How does LEO Pharma plan to use the information on physician treatment perceptions in AK to improve its therapies in development?
LEO Pharma is committed to the delivery of care solutions that empower people to better manage their AK and live confidently. We welcome the findings of this important study and are currently incorporating the learnings into the way we develop and optimise our treatments for AK, but also in our conversations with physicians in order to help them improve patient expectations from treatments.
What do you think the future holds for AK therapies?
I think the physician perceptions that were captured in this study highlight a key feature of what the future holds for AK therapies.
70% of physicians felt that adherence was negatively influenced by long treatment durations, and as such, dermatology care providers such as LEO Pharma respond to these unmet needs and provide therapies which better meet the needs of patients. For example, we have recently launched Picato® (ingenol mebutate gel), which is a short duration topical treatment for AK which only needs to be applied for 2 or 3 days, depending on the area of skin treated.

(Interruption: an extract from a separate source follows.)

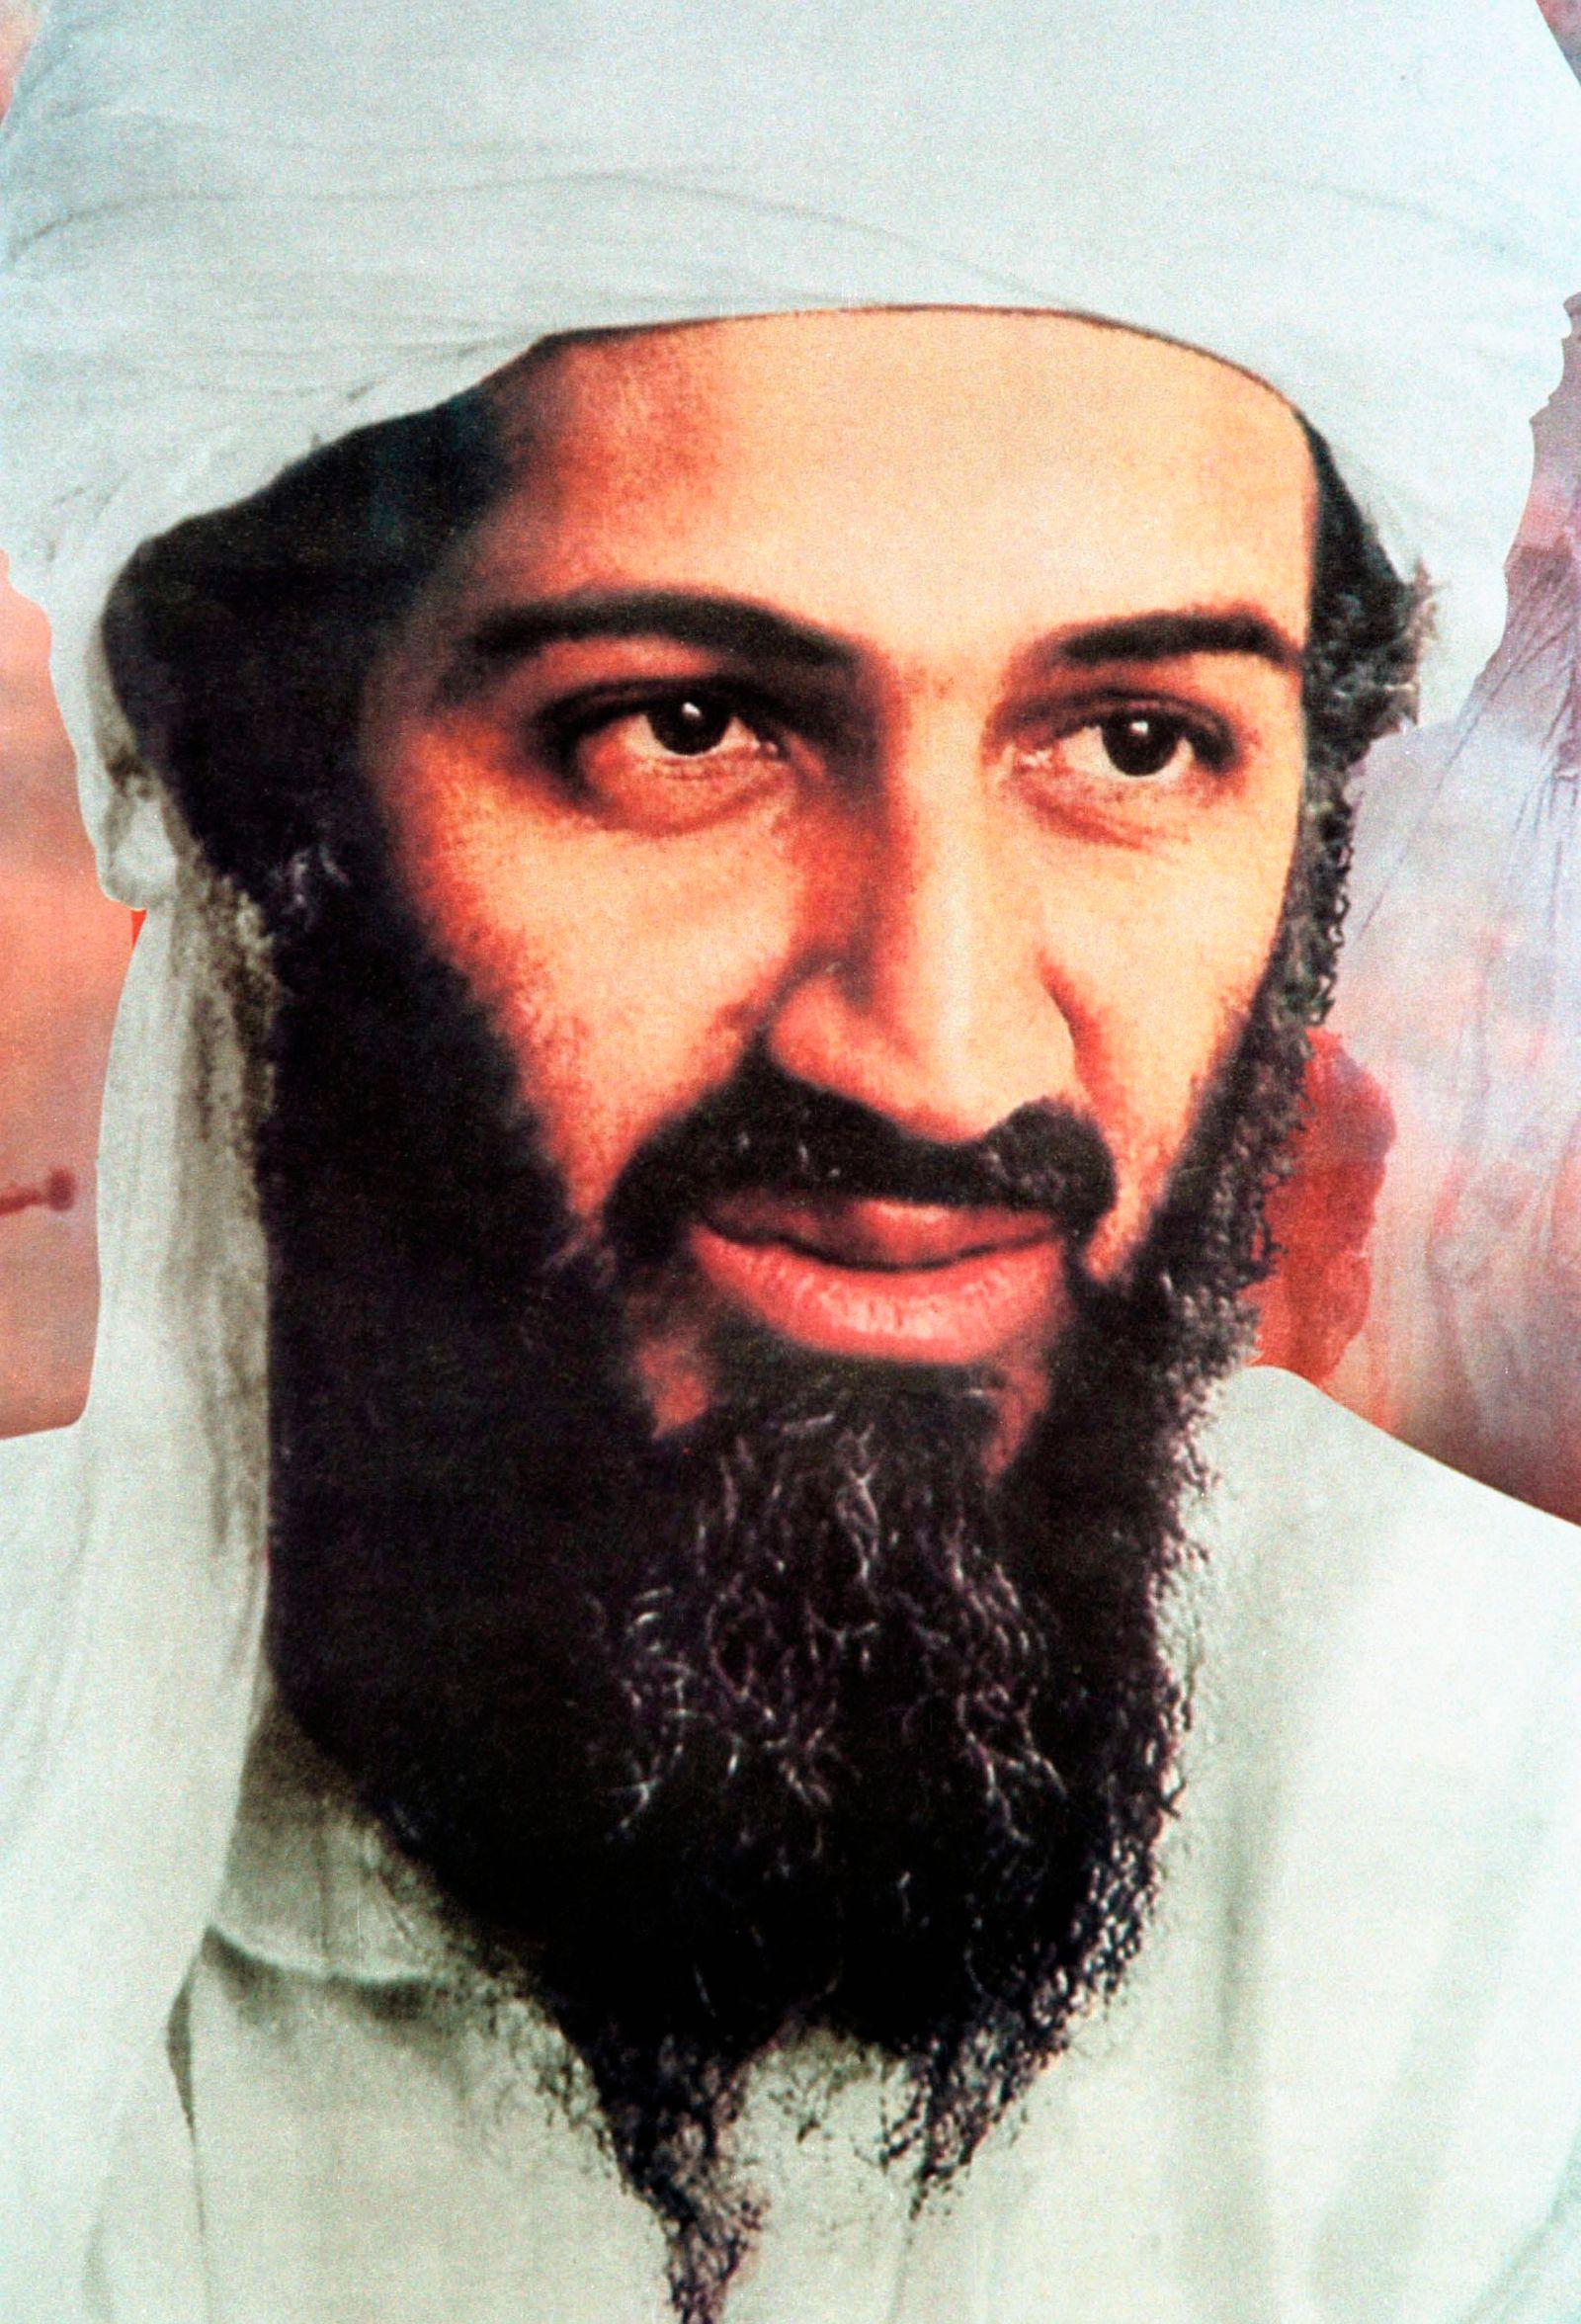 Portraits d'Oussama Ben Laden

By listening to, and involving, people with skin conditions and healthcare providers in our innovation process, LEO Pharma ensure that our care solutions are based on real-life patient needs.
Where can readers find more information?
Readers can find out more at www.leo-pharma.com.
About Kim Kjøller
Senior Vice President, Global Development, LEO Pharma
Kim Domela Kjøller has been acting as Senior Vice President of Global Development at LEO Pharma since July 2011. Kim is originally from Copenhagen in Denmark and joined LEO Pharma in March 2010 as Corporate Vice President.
Prior to joining LEO Pharma, Kim held several roles with prominent pharmaceutical companies such as Sanofi Pasteur MSD, where he was involved in the start-up of Sanofi Pasteur MSD Denmark, and also Lundbeck, where he was Divisional Director within Strategic Marketing for Lundbeck’s mood disorder assets.
Kim’s career in the pharmaceutical industry spans approximately 15 years. Prior to this, Kim held scientific roles at The Danish Cancer Society and Copenhagen University Hospital following his graduation from Copenhagen University Hospital with a Medical degree.